1. Multiple choice questions
1. After the following program is executed, the output result is ()
#include<stdio.h>
int cnt = 0;
int fib(int n)
{
cnt++;
if (n == 0)
return 1;
else if (n == 1)
return 2;
else
return fib(n - 1) + fib(n - 2);
}
void main()
{
fib(8);
printf("%d", cnt);
}[Answer]: 67
The problem of function recursion: enter the fib function once, cnt++, to calculate the value of cnt, that is, how many times the fib function has been entered , then list the dendrogram: until it reaches 1 and 0, it will not enter the fib function again, and then Each number listed will enter the function to use cnt++, count the total number of columns, and the corresponding value is the value of cnt: 1+2+4+8+16+22+12+2=67
2. The final value of the following program k is ()
int i = 10;
int j = 20;
int k = 3;
k *= i + j;[Answer]: 90
This question examines the issue of operator precedence
Assignment operators (*=, /=, +=, -=) have very low priority , so i+j must be calculated first, and then *k, which is k*=30, which is 90
3. True or false: C language itself has no input and output statements
【Answer】 : correct
The C language has a given grammar, and the input and output are provided by library functions.

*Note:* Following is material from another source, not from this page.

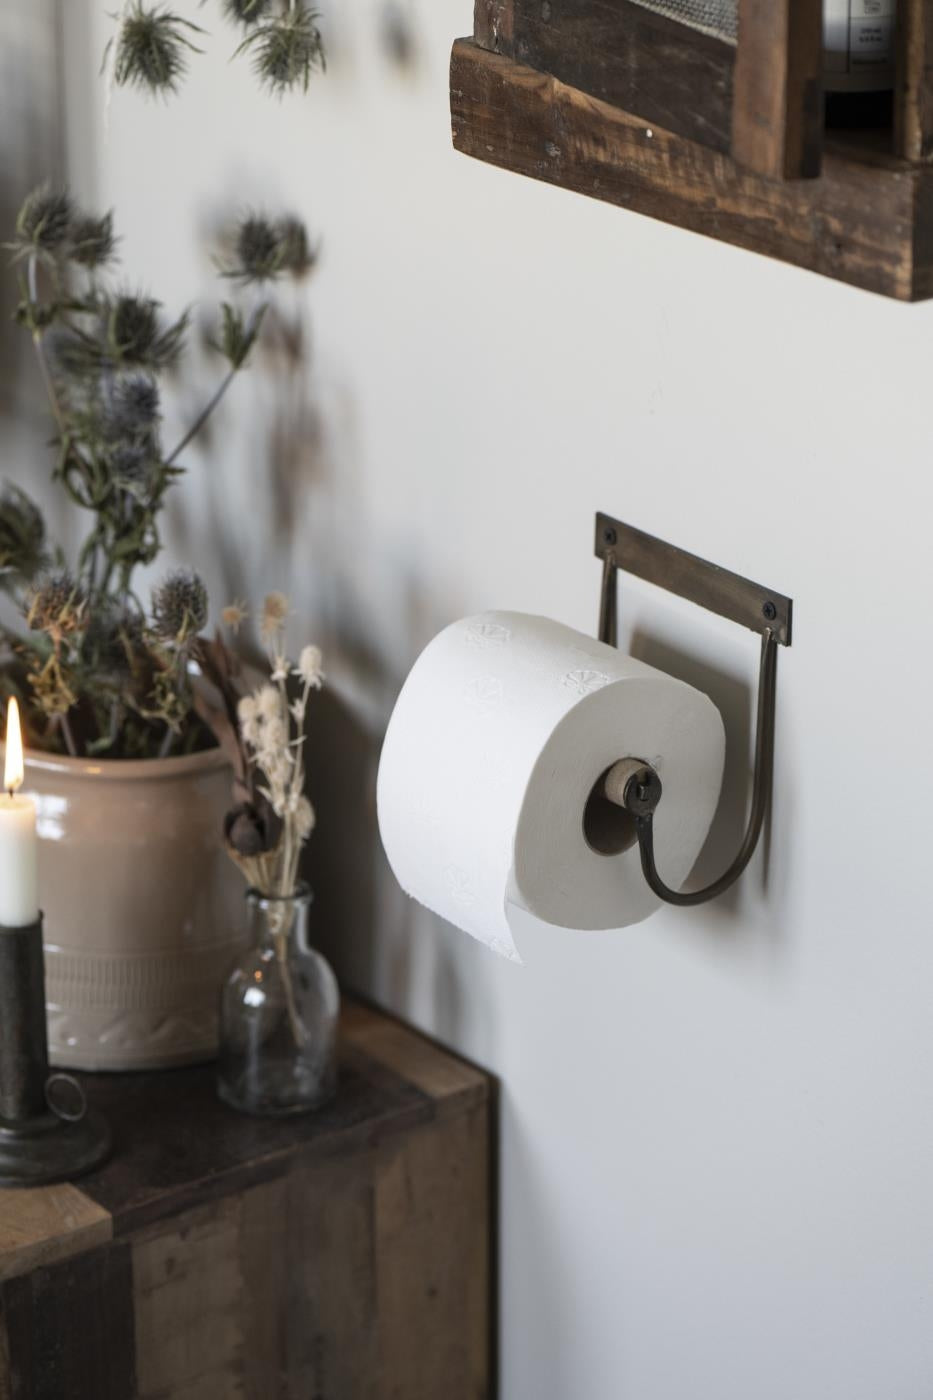 Sort toiletpapirsholder med trærulle

The C language stipulates some functions, specifying the name, function, parameters and return type of the function
These specified functions are implemented by the compiler manufacturer. The manufacturers of msvc, gcc, and clang provide the implementation when implementing the compiler. These functions are placed in the standard library and are called library functions.
4. If there is a definition statement int year=1009, *p=&year, the following statement that cannot increase the value in the variable year to 1010 is ()

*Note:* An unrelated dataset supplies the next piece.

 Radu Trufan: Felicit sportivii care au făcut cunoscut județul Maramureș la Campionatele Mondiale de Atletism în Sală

A.*p+=1 B.(*p)++ C.++(*p) D.*p++
[Answer]: D
In fact, the above code is equivalent to int year=1009; int *p=&year
A.* (dereference operator) has higher priority than += (assignment operator), p dereference points to year, then year++
B. With parentheses, calculate *p first, then year++
C. There are also parentheses, as long as (*p) is year++
D.*p++, ++ has higher priority than *, ++ is executed first, p++ is followed by ++, the value is p first, then p++, here is the address ++ , not the element pointed to by the address ++
5.char a;int b;float c;double d;
Then the type of the value of the expression a*b+dc is
[Answer]: double type
First, a*b (char*int), the char type is transformed into an int type, and the result of the int *int type is the int type
Then the int+double type, at this time, the int type is arithmetically converted to the double type, and the result of the double+double type is the double type
Finally, the double-float type, at this time, the float type is arithmetically converted to the double type, and the result of the double-double type is the double type
[Note]: In this process, plastic promotion and arithmetic conversion have occurred, and the type is changed first and then the operation is performed.
2. Programming questions
1. Find the least common multiple
【topic】:
[Question 1] : Conventional practice
The least common multiple must be greater than or equal to the two numbers entered, so you can start adding from the larger number of the two numbers, and see which number you add can divide the two numbers at the same time
#include <stdio.h>
int main()
{
int a=0;
int b=0;
//输入
scanf("%d %d",&a,&b);
//求较大值
int m=a>b?a:b;
//从较大者开始求最小公倍数
while(1)
{
if(m%a==0&&m%b==0)
break;
m++;
}
//输出
printf("%d\n",m);
return 0;
}[Problem Solution 2] : The least common multiple = the product of the two input numbers / the greatest common divisor (rolling and dividing method)
#include <stdio.h>
int main()
{
int a=0;
int b=0;
int c=0;
//输入
scanf("%d %d",&a,&b);
int n=a*b;
//求最大公约数
while(c=a%b)
{
a=b;
b=c;
}
//输出
printf("%d\n",n/b);
return 0;
}[Solution 3]: The highest efficiency
Suppose m is the least common multiple of a and b, then m can be divisible by both a and b, m/a=i, m/b=j, then we can see whether a*i can divide b , eg : To find the least common multiple of 3 and 5, first check whether 3*1 can divide 5, then check whether 3*2 can divide 5, and so on, until 3*i can divide 5, then 3*i is the smallest common multiple
#include <stdio.h>
int main()
{
int a=0;
int b=0;
//输入
scanf("%d %d",&a,&b);
int i=1;
while(a*i%b)
{
i++;
}
//输出
printf("%d\n",a*i);
return 0;
}[Note]: We'd better write the int type as long long type, because a and b can reach a maximum of 100,000, and their multiplication is very large, and the input and output of long long type are % lld
2. Inversion of the string
【topic】:
【answer】:
Idea: Reverse the entire string, then each word (or reverse each word first, then the entire string)
#include <stdio.h>
#include<string.h>
void reverse(char* left, char* right)
{
while (left < right)
{
char tmp = *left;
*left = *right;
*right = tmp;
left++;
right--;
}
}
int main()
{
char arr[101] = {0};
gets(arr);
int len=strlen(arr);
//1.逆序整个字符串
reverse(arr,arr+len-1);
//2.逆序每个单词
char*cur=arr;
while(*cur!='\0')
{
char*start=cur;
while(*cur!=' '&&*cur!='\0')
{
cur++;
}
char*end=cur-1;
reverse(start,end);
if(*cur==' ')
cur++;
}
printf("%s\n",arr);
return 0;
}【Precautions】:
(1) Input string : Cannot use the scanf function to input normally, because it stops reading as soon as it encounters a space, gets(arr)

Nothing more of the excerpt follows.